The Development of Post-Transplant Cyclophosphamide: Half a Century of Translational Team Science

Paul V O’Donnell 1, Richard J Jones 2,*
PMCID: PMC11001251  NIHMSID: NIHMS1852543  PMID: 36435690

Abstract

Close HLA matching of donors and recipients has been the dogma for successful allogeneic blood or marrow transplantation (alloBMT), to limit the complications of graft-versus-host disease (GVHD). However, many patients in need, especially those within certain ethnic groups such as those of African-Americans and Hispanics, remain unable to find a match even with the increased availability of unrelated donors. Over half a century ago, investigators at Johns Hopkins found that cyclophosphamide’s immunosuppressive properties made it the ideal replacement for total body irradiation in alloBMT conditioning regimens. They also found it to be the best chemotherapeutic for preventing GVHD in animal models, but its cytotoxic properties scared them from using it clinically in the high doses successful in animal models. Subsequent work showed that cyclophosphamide spared hematopoietic and other stem cells including memory lymphocytes, prompting re-examination at high doses for GVHD prophylaxis. Animal and extensive human studies demonstrated that high-dose post-transplantation cyclophosphamide (PTCy) effectively and safely limited GVHD such that mismatched transplants are now be considered standard-of-care worldwide. The beneficial effects of PTCy on GVHD appears to be independent of donor type, graft source, or conditioning regimen intensity.

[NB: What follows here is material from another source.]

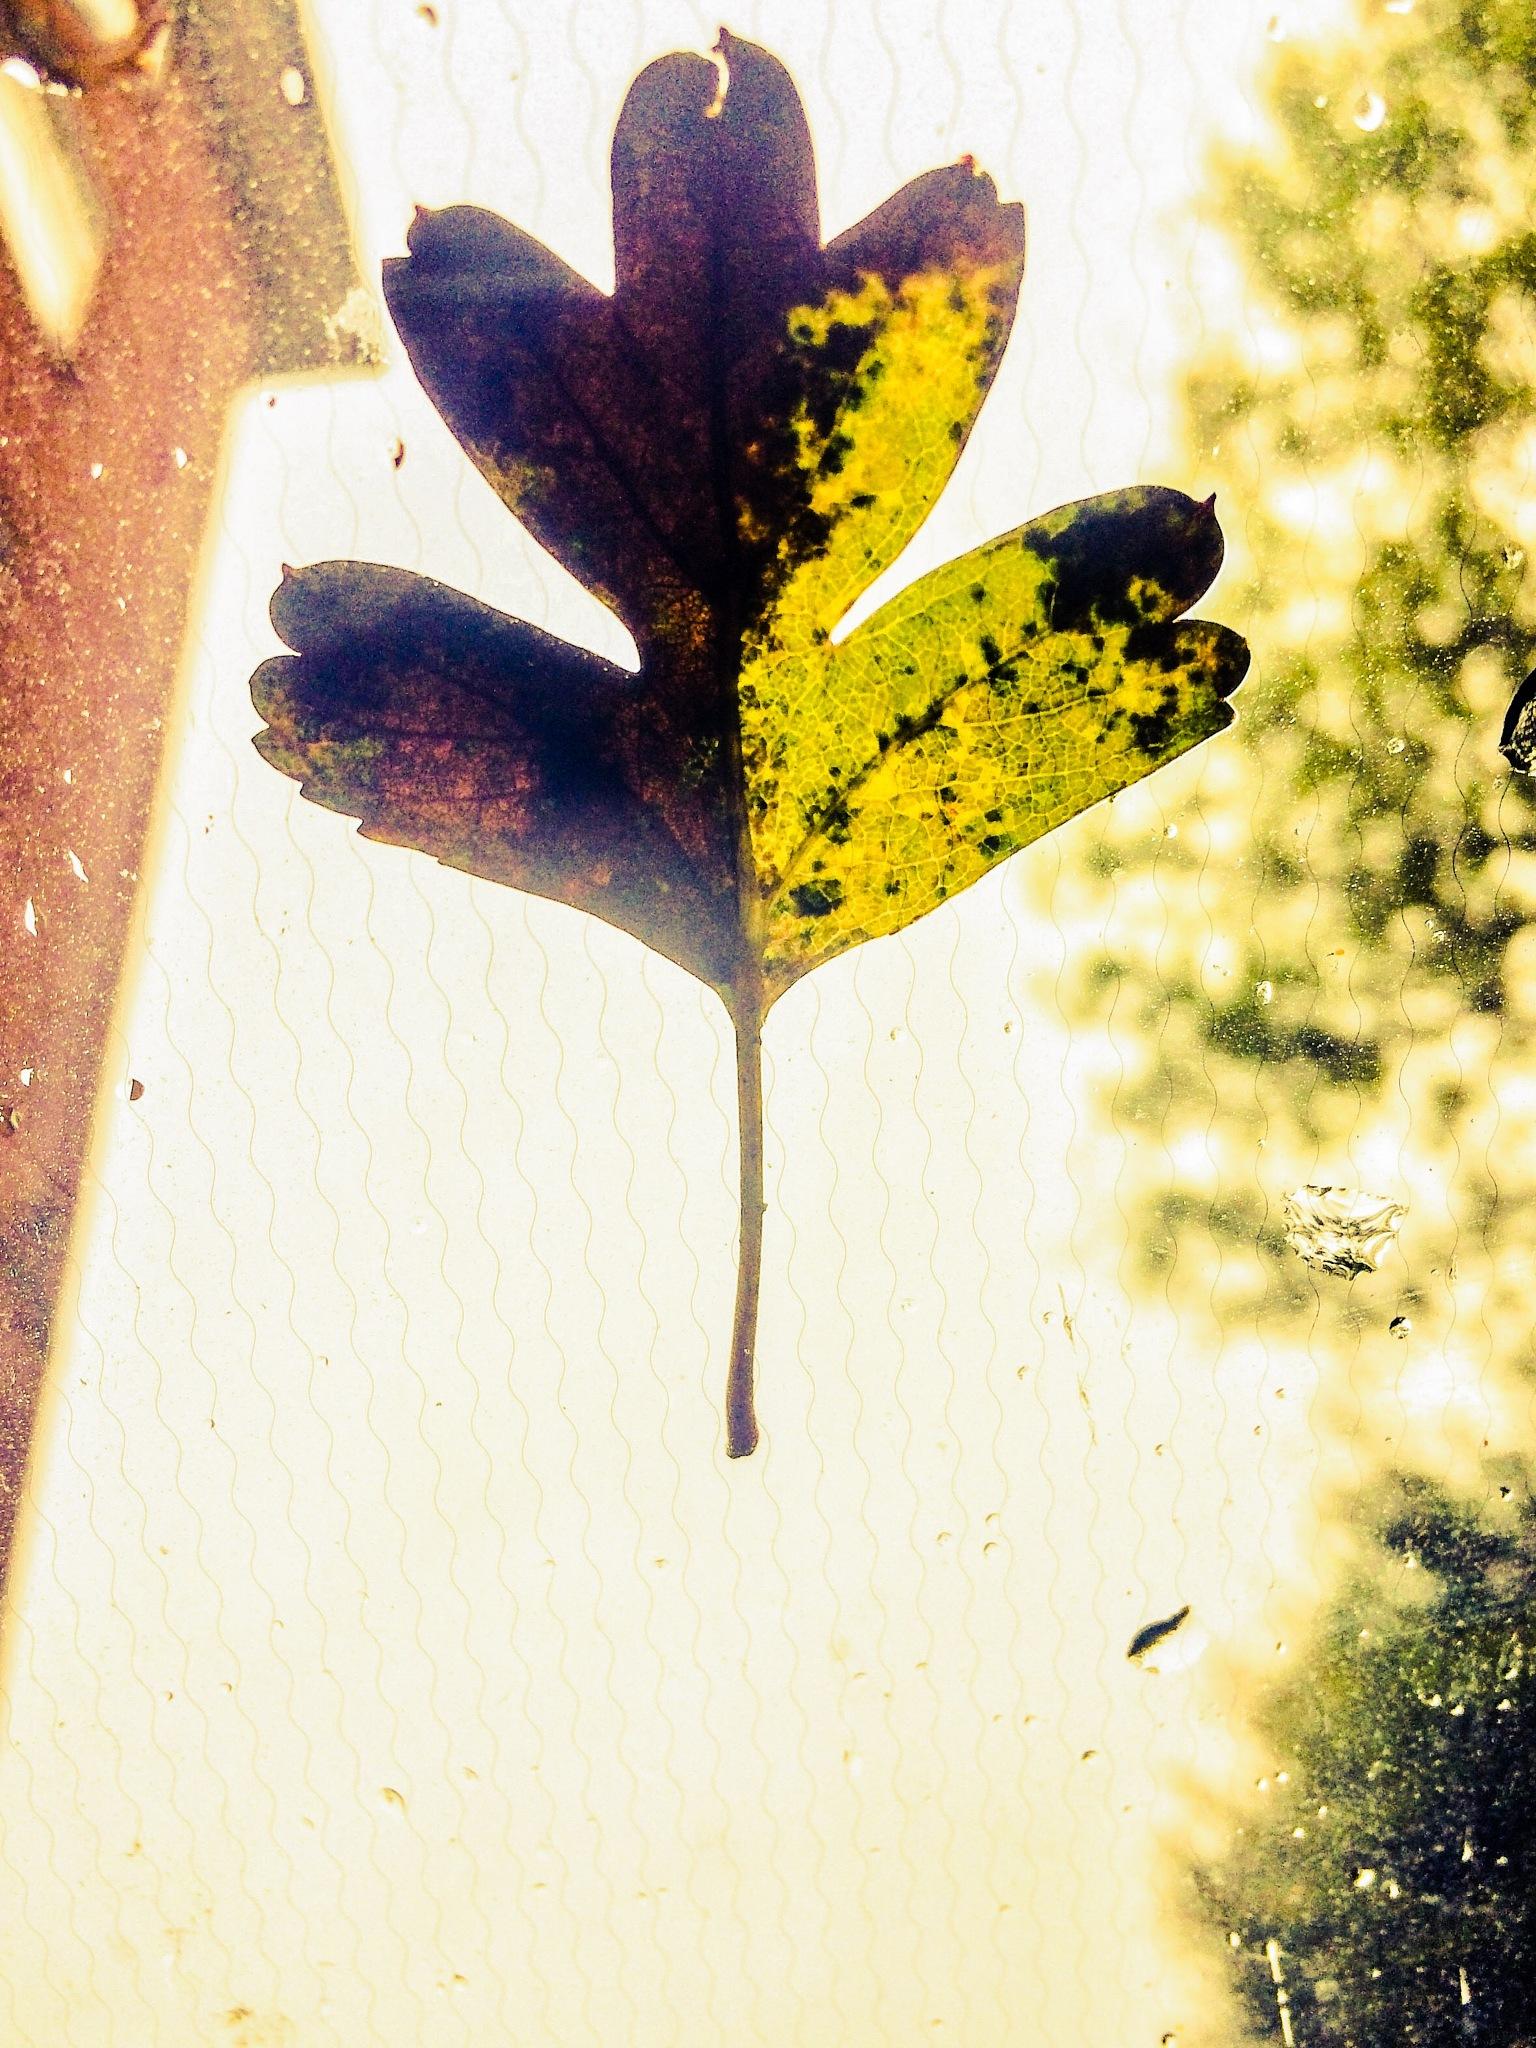 Leaf on the window by Tracey Glazebrook

Keywords: allogeneic, transplantation, cyclophosphamide, HLA, haploidentical, graft-versus-host disease

1. Donor Availability – the Holy Grail of Transplantation

Up until the new millennium, many patients for whom allogeneic blood or marrow transplantation (alloBMT) could be potentially curative were unable to find appropriate (meaning at the time HLA-matched) donors in their family or in international registries. This problem was particularly acute for ethnic minorities, and still exists today despite expansion of international registries, because high HLA diversity, not just under-representation, is an important obstacle for ethnic groups like African-Americans and Hispanics. An NMDP analysis in 2014 found that the likelihood of finding an 8/8 HLA-matched unrelated donor for patients of European Caucasian ancestry was 74%, but for Black Americans it was only 19%, Hispanics < 40%, and indigenous Americans 47% [1]. Moreover, the lag time from initiating a search of an effective adult donor to alloBMT (i.e., available, confirmatory typing, medical clearance, and graft collection) was in the order of 4 months; unfortunately, such a time interval meant that a substantial percentage of patients in need of alloBMT would have relapsed. Thus, historically, graft-versus-host disease (GvHD), particularly in the setting of HLA disparity, has constrained the applicability and availability alloBMT. Accordingly the search for appropriate alternative donors on behalf of the many potential BMT recipients lacking matched donors could be considered the “Holy Grail”; of the BMT field.

At the end of the last millennium, recognition of unrelated umbilical cord blood as a potential alternative donor source was beginning, but was largely investigational at only a few specialized centers [2]. Haploidentical (haplo) family members could also be a readily available alternative donor source, but survival outcomes of studies were extremely poor due to very high rates of severe GvHD leading to non-relapse mortality (NRM) rates exceeding 50% [3]. The Perugia Group in the early 1990’s found that T cell-depleted haplo grafts eliminated the problem of GvHD, but survivals were still limited by high rates of NRM from opportunistic infections [4].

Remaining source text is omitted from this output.